Les secteurs prioritaires identifiés par BlackRock sont prévisibles mais significatifs : le transport d'électricité, les énergies renouvelables, le rail, les ports, les aéroports et les réseaux numériques. Ce sont les systèmes structurants qui déterminent si l'Afrique du Sud peut maintenir son statut de plaque tournante commerciale et financière régionale. Ils s'inscrivent également dans le cadre du propre pipeline d'infrastructure de l'État, ce qui réduit le risque politique pour les sponsors et les prêteurs.

Ogunlesi a également mis en avant l'intelligence artificielle comme moteur structurel de la demande future, soulignant la nécessité de systèmes électriques plus robustes et de centres de données. Cela aligne les investissements de l'Afrique du Sud dans le réseau électrique et le numérique sur les tendances mondiales en matière d'IA et de cloud computing, et positionne les actifs d'infrastructure pour bénéficier d'une croissance séculaire des données plutôt que du seul PIB national.

La concurrence pour les capitaux et l'épreuve de l'exécution

Ramaphosa a utilisé le sommet pour présenter la dynamique de réforme de l'Afrique du Sud comme une plateforme crédible pour l'investissement à long terme. Il a indiqué que le gouvernement prévoit de consacrer plus de 1 000 milliards de rands (plus de 60 milliards de dollars) aux infrastructures au cours des trois prochaines années. Dans le même temps, il a souligné que la participation privée s'étendrait au rail, à l'électricité, à la logistique, aux télécommunications et au financement des infrastructures.

L'État est en train d'ouvrir les infrastructures ferroviaires à une plus grande implication privée, tout en cherchant à reconstruire la capacité opérationnelle de Transnet et de l'Agence de transport ferroviaire de passagers d'Afrique du Sud. Ramaphosa a précédemment évoqué des ambitions pour un futur train à grande vitesse, mais aucune trace publique ne le relie à des plateformes soutenues par BlackRock lors de la conférence sur les infrastructures. Si même une partie de ces projets atteint la bancabilité avec une réglementation stable et des appels d'offres transparents, ils pourraient ancrer un cycle d'émissions répétées de prêts et d'obligations.
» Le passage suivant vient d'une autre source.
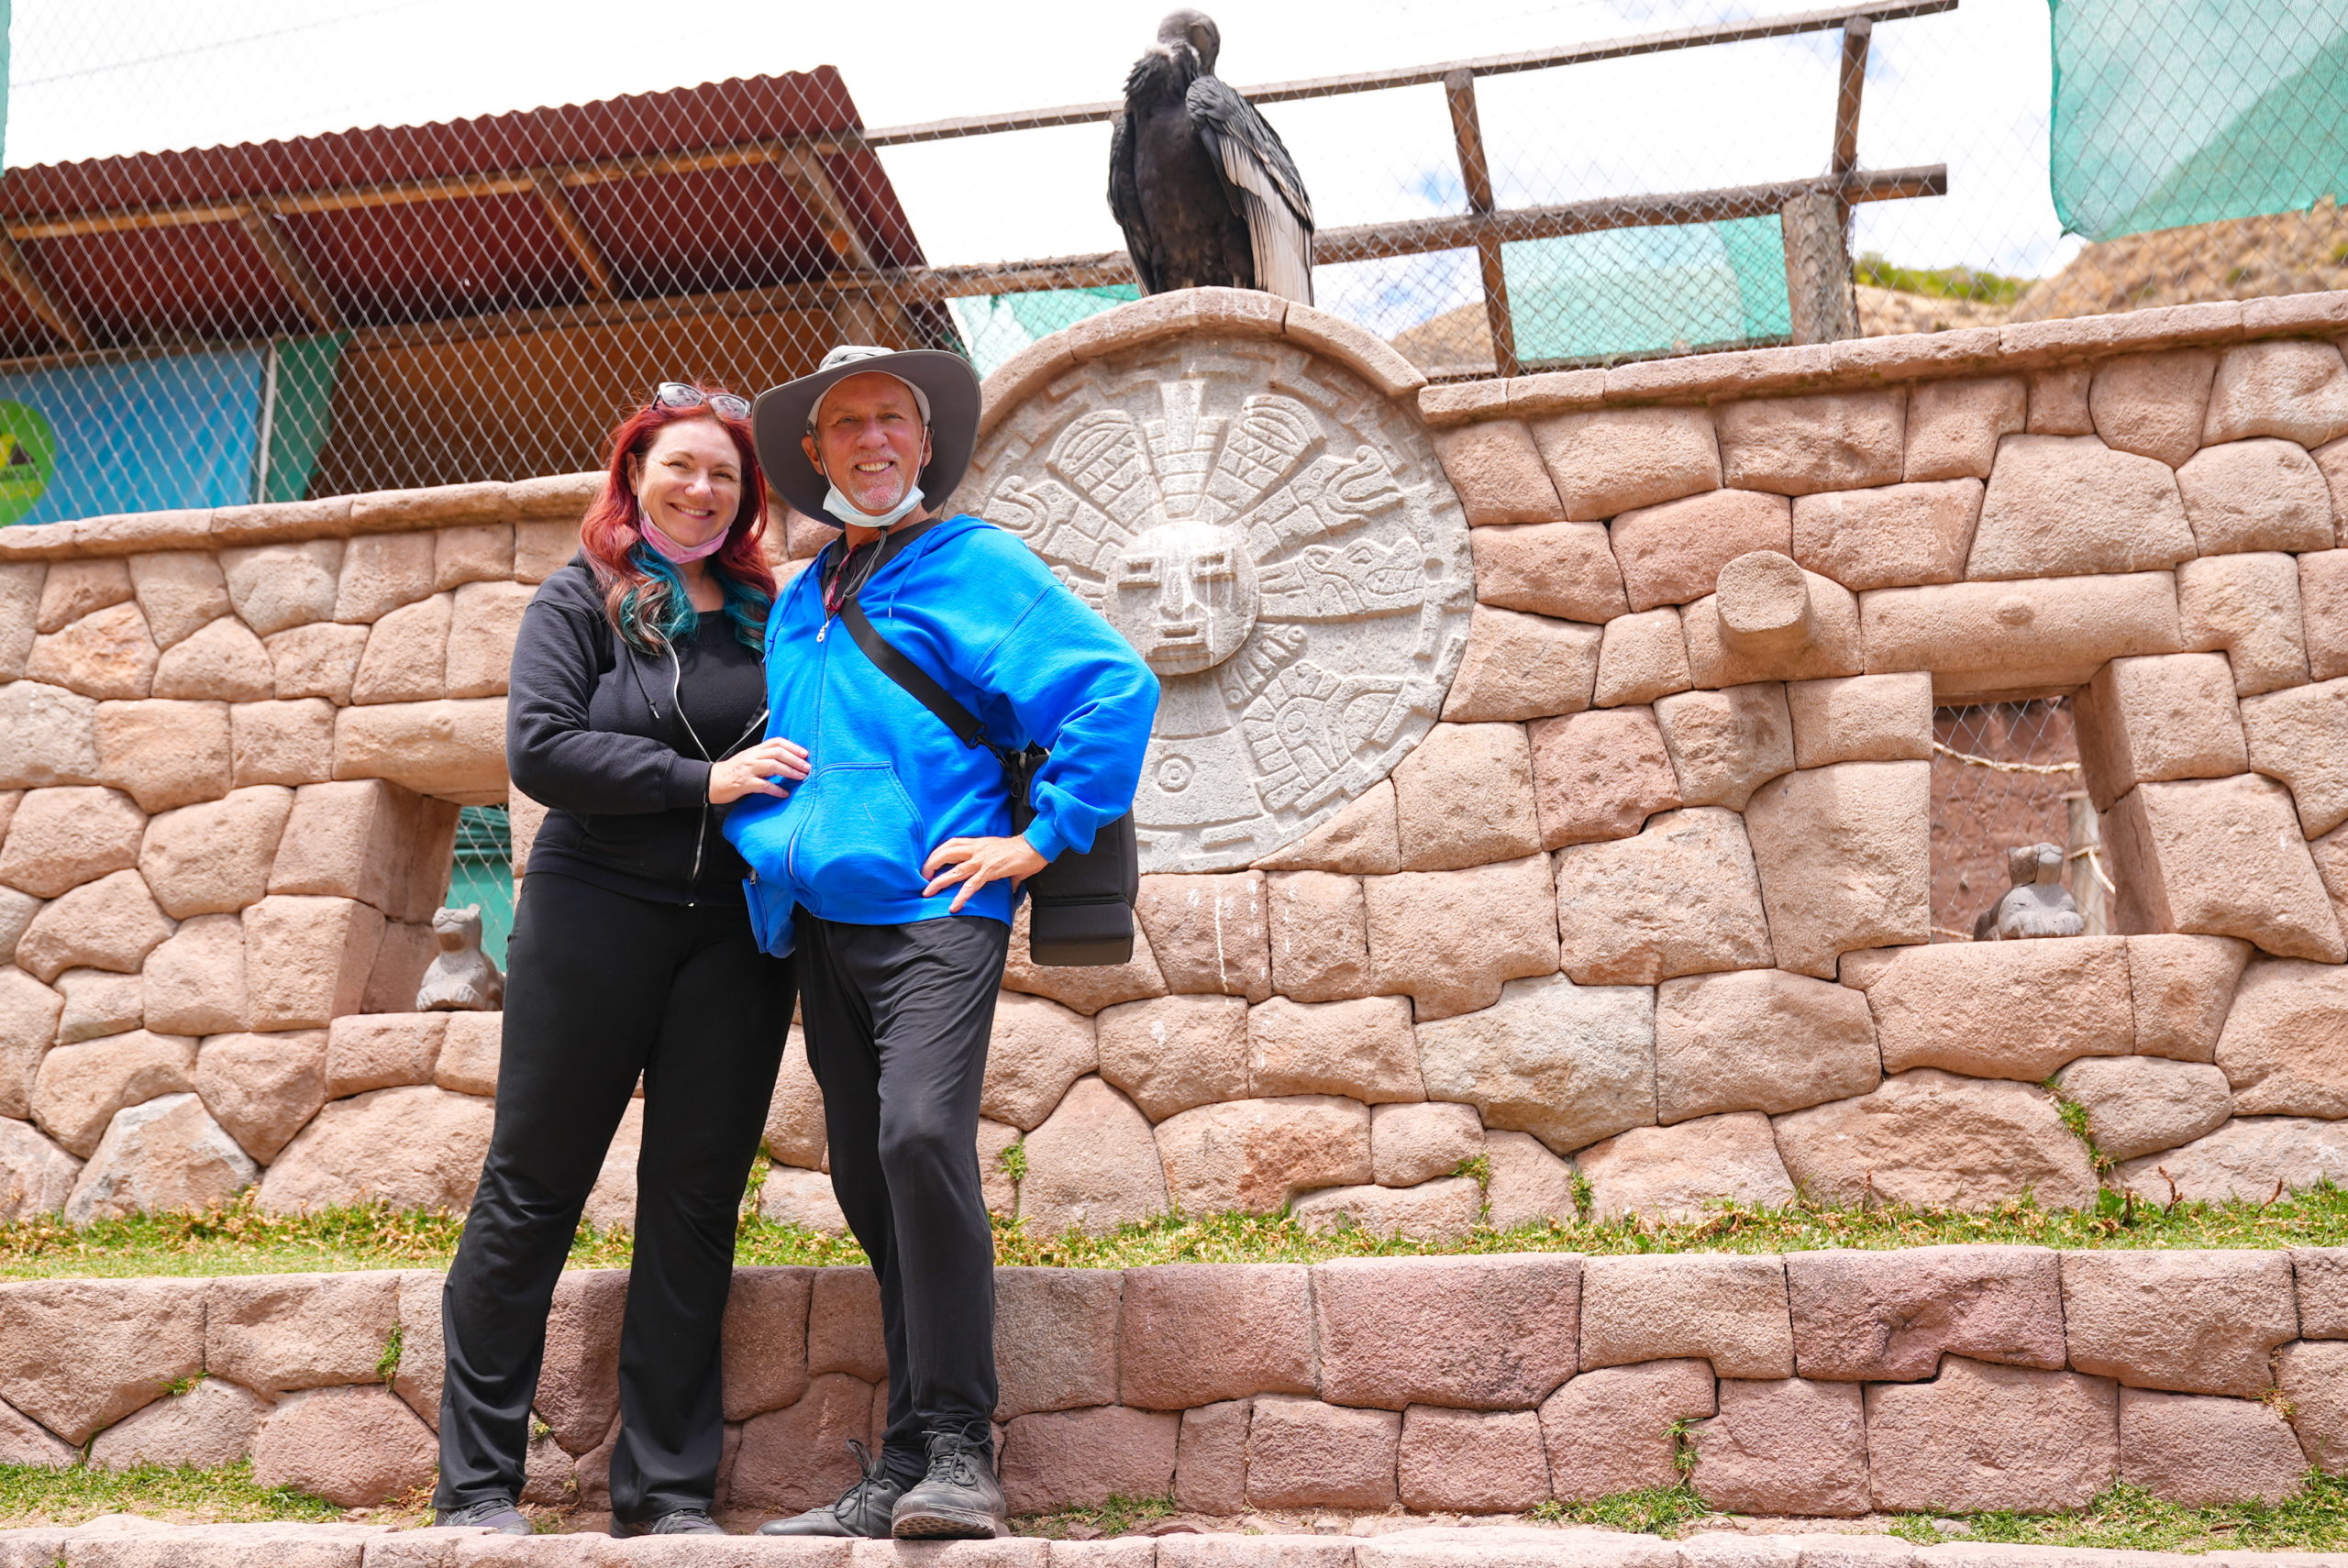 Condors, Incas, and us.

Cependant, Ogunlesi a été clair : la concurrence pour les capitaux est intense. L'Afrique du Sud rivalise avec les États-Unis, l'Allemagne, les économies du Golfe, l'Asie et l'Amérique latine pour les mêmes fonds institutionnels. Pour en obtenir une plus grande part, a-t-il soutenu, le pays doit offrir une certitude politique, des appels d'offres transparents, une réglementation prévisible et des institutions juridiques solides.
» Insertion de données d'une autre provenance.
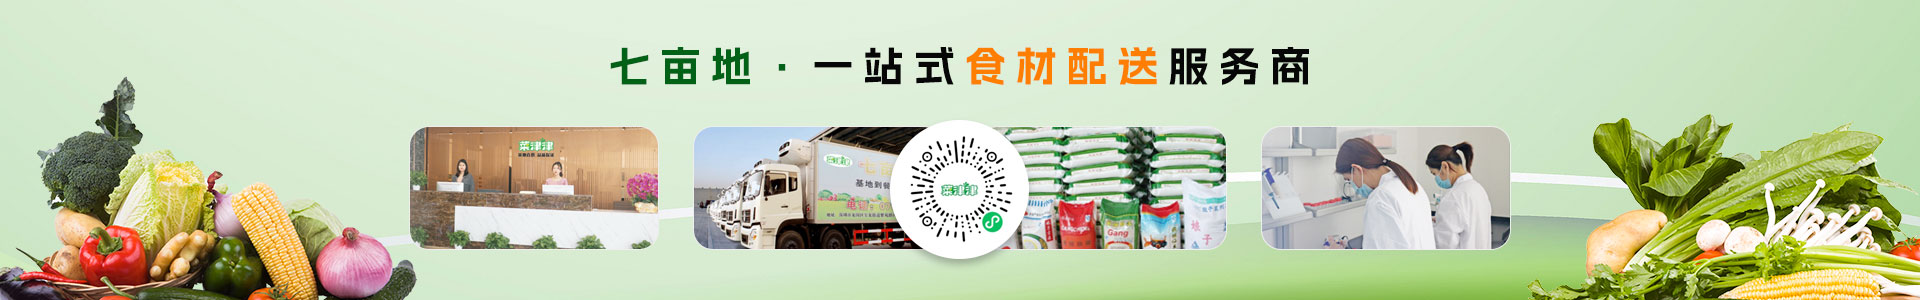 深圳市七亩地农产品实业有限公司-新鲜牛肉配送

Les responsables gouvernementaux ont souligné que les finances publiques seules ne peuvent pas combler l'ampleur du déficit d'infrastructure, décrivant le financement privé comme essentiel à la trajectoire de développement du pays. Cette position, combinée à l'appétit exprimé par BlackRock, suggère un modèle plus ouvert dans lequel les fonds de pension, les assureurs et les investisseurs souverains peuvent jouer des rôles plus importants dans les projets énergétiques, de transport et numériques.
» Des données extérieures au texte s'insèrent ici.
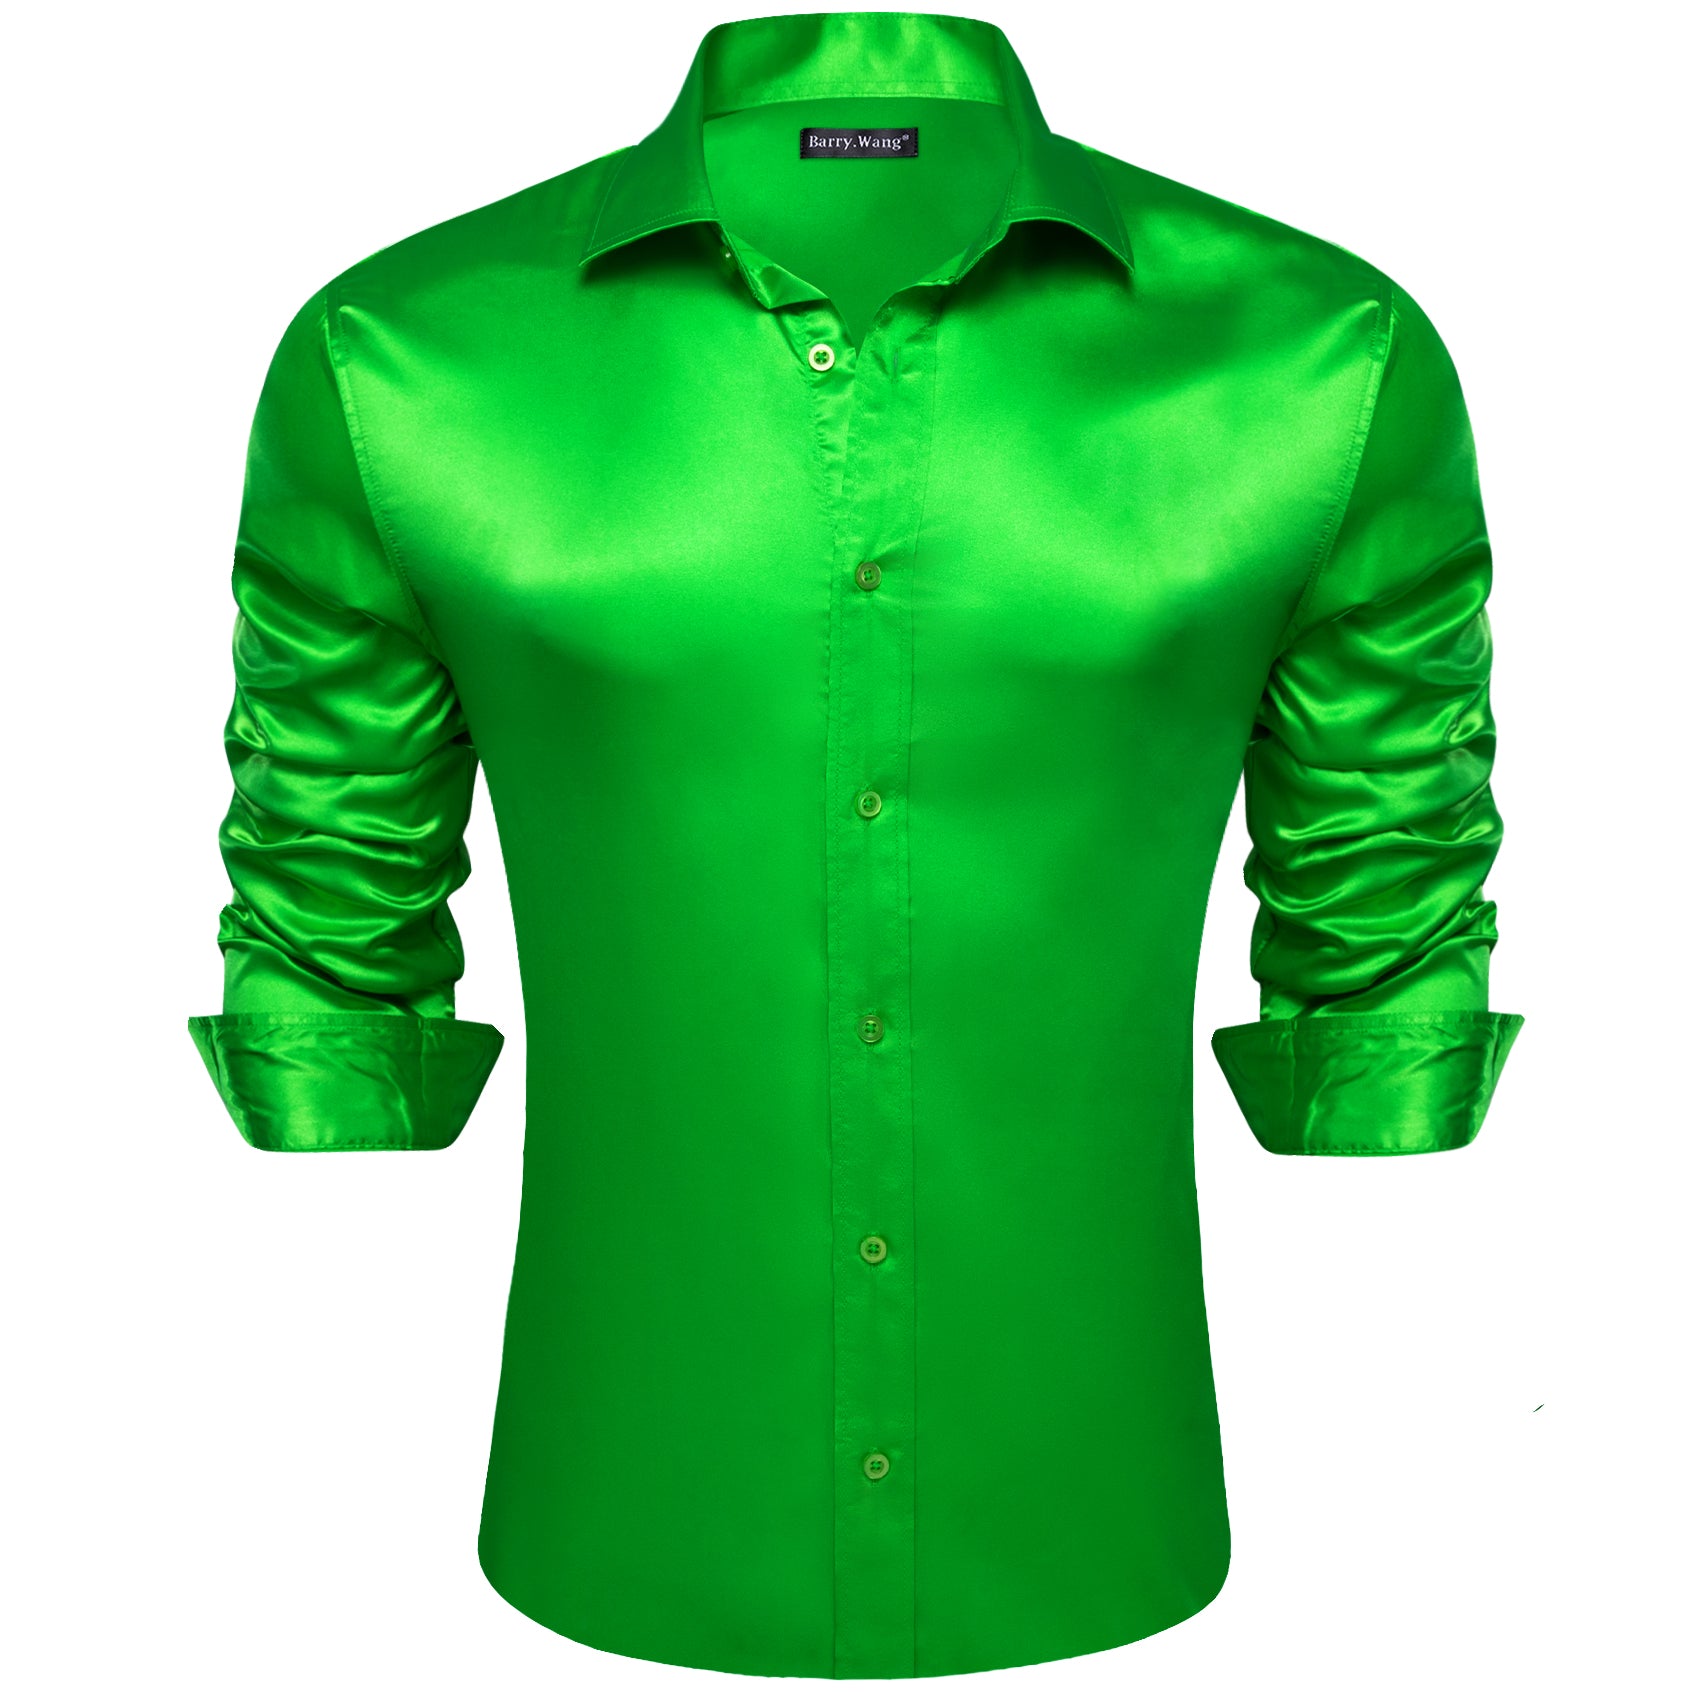 Barry.wang Green Solid Silk Shirt

Pour les investisseurs, l'infrastructure sud-africaine est en train de devenir un véritable test de la capacité des réformes à débloquer des capitaux institutionnels à grande échelle. Les prochaines années montreront si le suivi réglementaire, la préparation des projets et des contreparties crédibles peuvent transformer ces signaux en transactions conclues et en une classe d'actifs d'infrastructure plus profonde et plus liquide dans le pays.